Under a Creative Commons license
Open Access
Received
June 8, 2025
Revised
July 21, 2025
Accepted
Aug. 9, 2025
Published
Aug. 20, 2025
Abstract

Background: Vasculitic neuropathy (VN) is an uncommon but disabling form of peripheral neuropathy resulting from inflammation and ischemia of peripheral nerves. Data on long-term neurological recovery and disability outcomes following treatment remain limited in Indian populations. Objectives: To assess long-term neurological outcomes and disability scoring in patients with vasculitic neuropathy after initiation of standard immunosuppressive therapy. Methods: This prospective observational study was conducted in the Department of Medicine, a tertiary care hospital in Maharashtra, from November 2023 to October 2024. A total of 60 patients with biopsy-proven or clinically established vasculitic neuropathy were enrolled. Baseline demographic, clinical, electrophysiological, and serological data were collected. All patients received standardized treatment comprising corticosteroids with or without additional immunosuppressive agents (cyclophosphamide, azathioprine, or mycophenolate). Neurological improvement was assessed using the Medical Research Council (MRC) sum score, Neuropathy Impairment Score (NIS), and disability was evaluated using the Overall Disability Sum Score (ODSS) at baseline, 6 months, and 12 months. Results: The mean age of patients was 47.2 ± 11.8 years, with a male-to-female ratio of 1.5:1. The majority presented with painful asymmetric sensorimotor neuropathy (65%). Baseline mean NIS was 48.6 ± 10.2, and ODSS was 5.1 ± 1.2. At 12 months, significant improvement was observed: mean NIS reduced to 29.3 ± 8.7 (p < 0.001), MRC sum score improved by a mean of 14 points, and ODSS reduced to 2.8 ± 0.9. Complete remission (defined as stabilization of neuropathy and ODSS ≤ 2) was achieved in 32% of patients, while 55% showed partial improvement. Persistent disability (ODSS ≥ 4) was noted in 13%. Relapses occurred in 8% of cases, predominantly in those with systemic vasculitis. Conclusion: Long-term follow-up of vasculitic neuropathy patients demonstrates substantial neurological recovery and functional improvement with immunosuppressive therapy, although a subset continues to experience residual disability. Early diagnosis and aggressive treatment may improve long-term outcomes.

Keywords
INTRODUCTION

Vasculitic neuropathy (VN) is a distinctive manifestation of peripheral nerve injury caused by inflammation of the vasa nervorum, leading to ischemia and axonal degeneration. It can occur either as part of systemic vasculitic syndromes such as polyarteritis nodosa (PAN), eosinophilic granulomatosis with polyangiitis (EGPA), microscopic polyangiitis (MPA), or as an isolated condition termed non-systemic vasculitic neuropathy (NSVN) (Collins et al., 2010; Kerasnoudis et al., 2016) [1,2]. Clinically, VN often presents with acute or subacute painful asymmetric sensorimotor deficits, classically producing mononeuritis multiplex, although confluent asymmetric polyneuropathy can also be observed (Davies et al., 2016; Collins et al., 2019) [3,4].
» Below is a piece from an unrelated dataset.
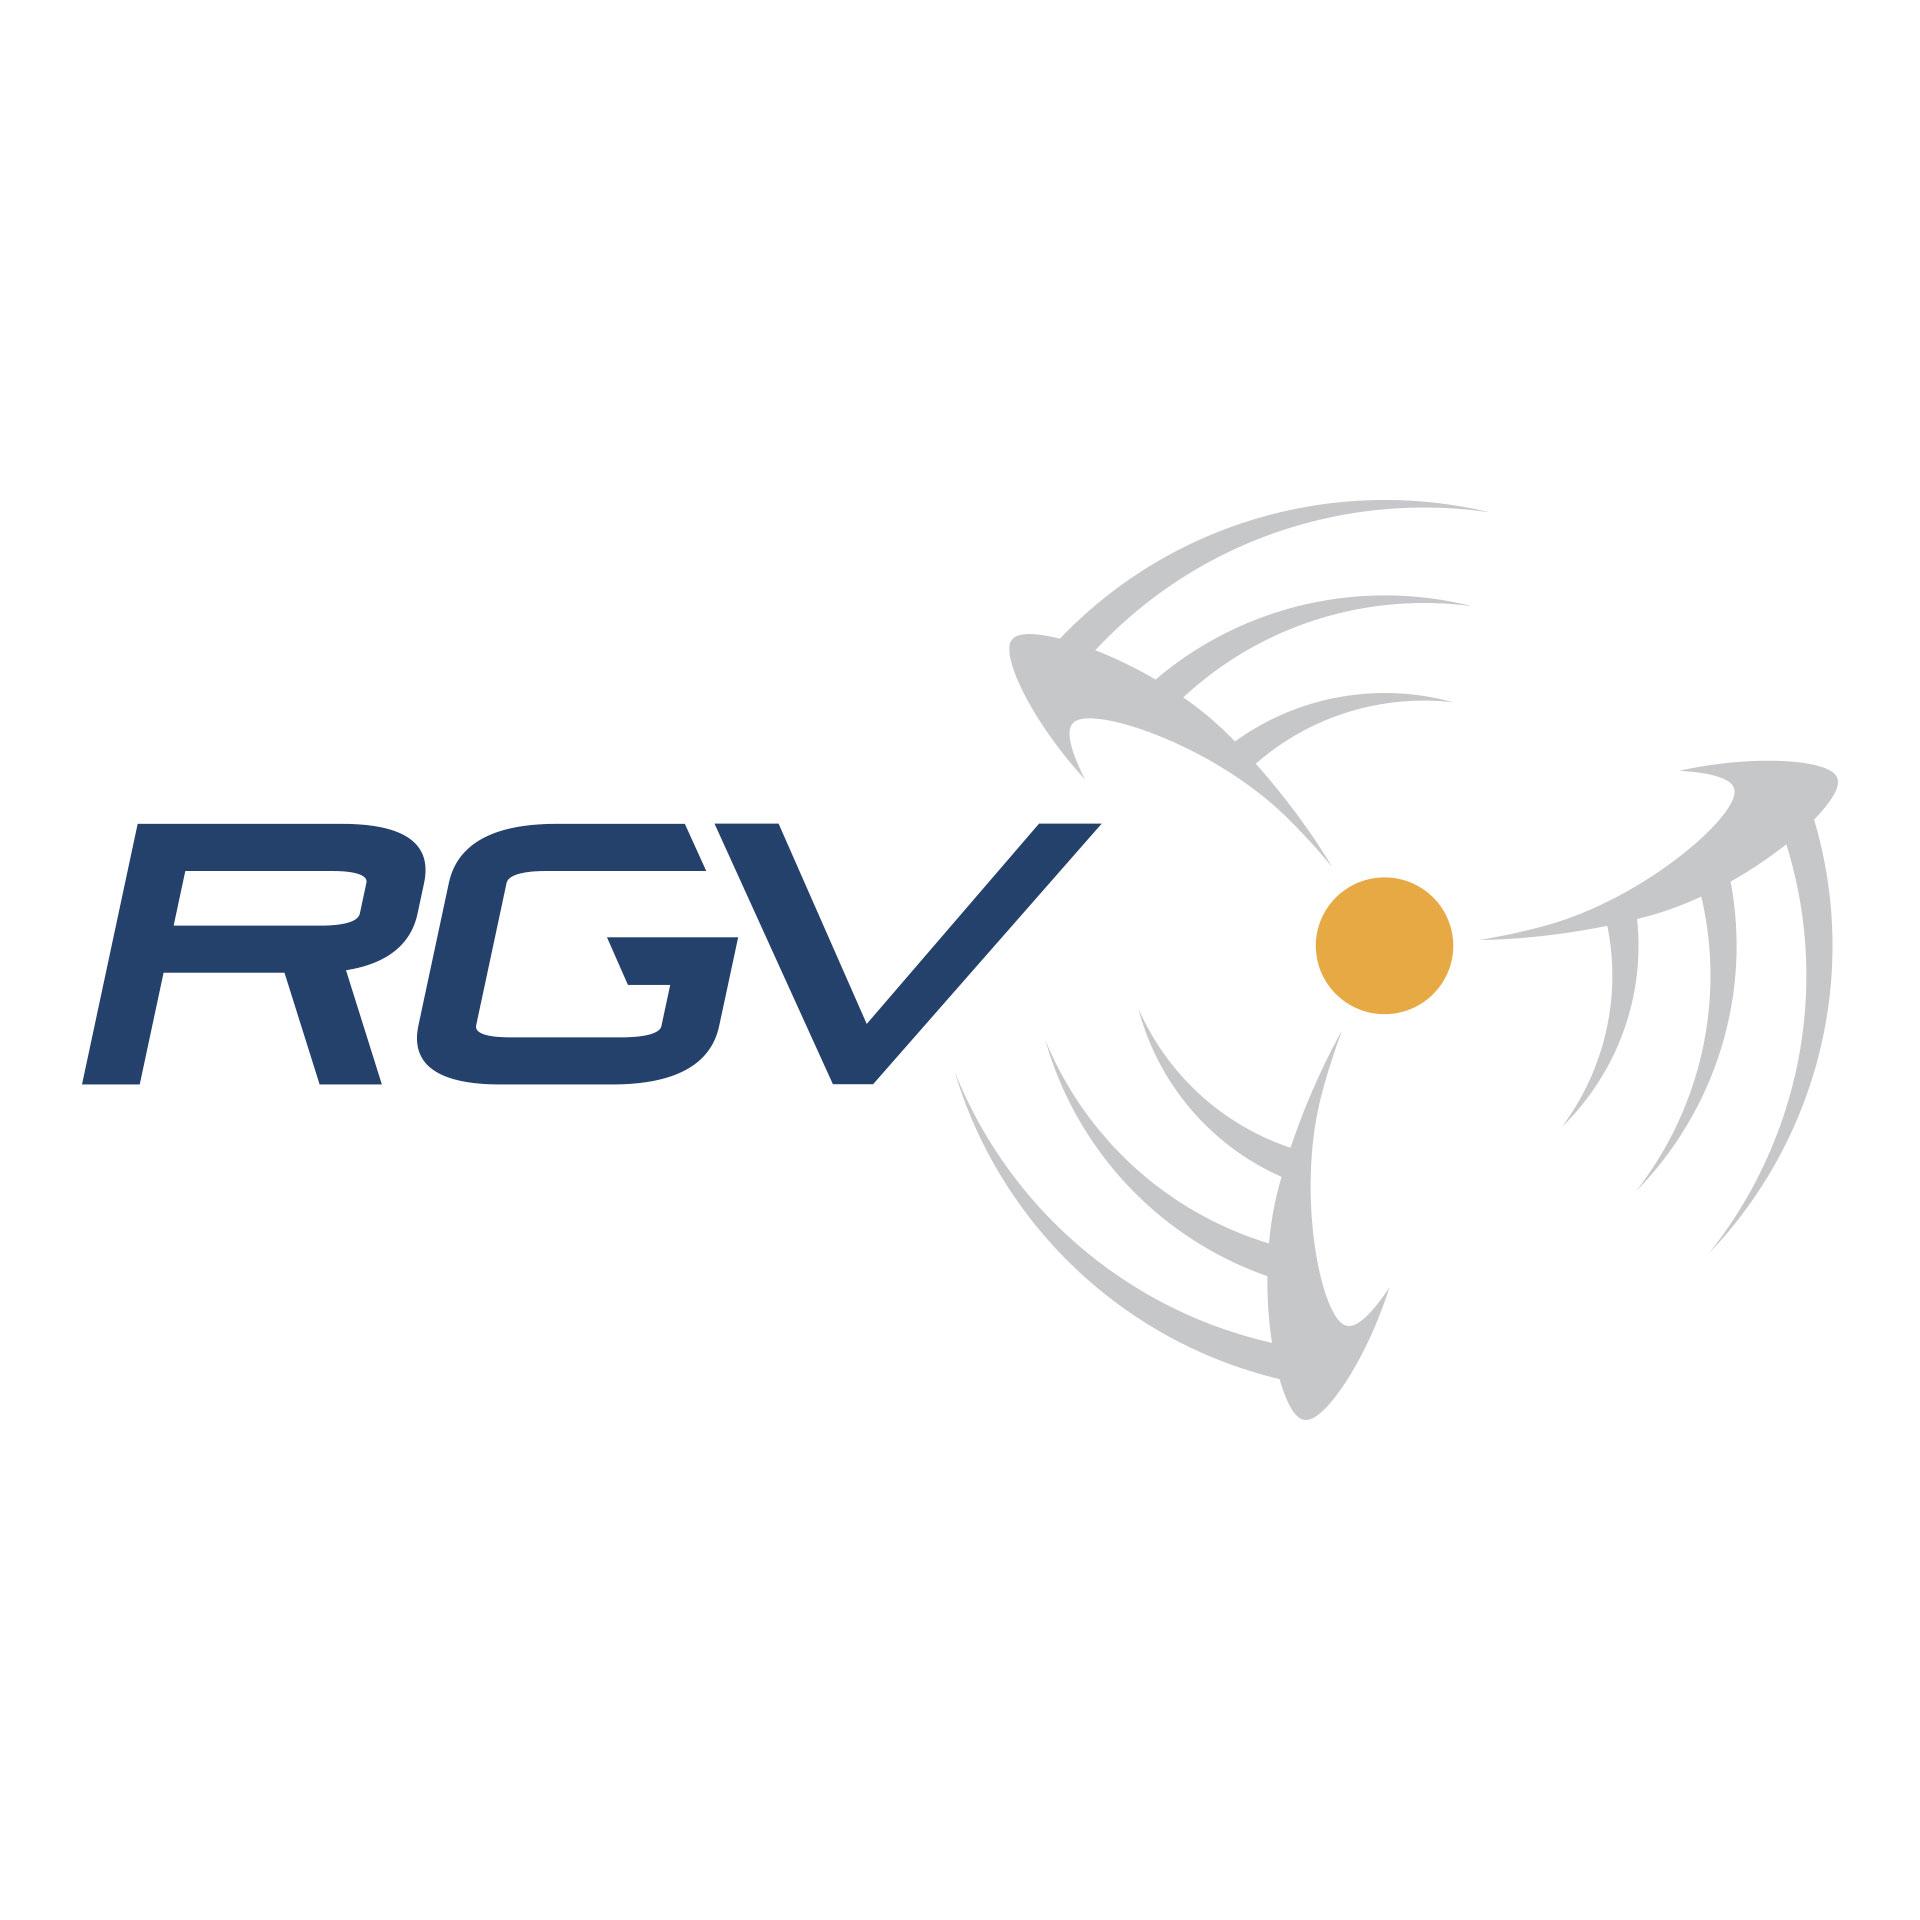 RGV Aviation logo

The pathological hallmark of VN is necrotizing vasculitis of epineurial vessels with transmural inflammatory infiltrates and fibrinoid necrosis, which results in ischemic nerve fiber loss (Collins et al., 2010; Krarup et al., 2011) [1,5]. Early diagnosis is essential because delayed recognition often leads to irreversible axonal damage and long-term disability (Said and Lacroix, 2005; Sommer et al., 2008) [6,7].

Therapeutic advances, particularly the use of corticosteroids and immunosuppressive agents such as cyclophosphamide, azathioprine, or mycophenolate mofetil, have improved survival and neurological outcomes (Collins et al., 2010; Vital et al., 2014) [1,8]. Nonetheless, residual disability remains a major concern, as studies suggest that between 20–40% of patients continue to experience significant functional limitations despite treatment (Davies et al., 2016; Collins et al., 2019; Vital et al., 2014) [3,4,8].

Long-term outcome assessment requires standardized evaluation tools. The Medical Research Council (MRC) sum score and Neuropathy Impairment Score (NIS) are commonly used to quantify neurological deficits, while the Overall Disability Sum Score (ODSS) is a validated instrument to assess functional disability (Merkies et al., 2002; van Nes et al., 2011) [9,10]. Although international cohorts have reported significant neurological recovery with immunosuppressive therapy, variability in remission rates and persistence of disability remain unresolved issues (Collins et al., 2019; Kerasnoudis et al., 2016) [2,4].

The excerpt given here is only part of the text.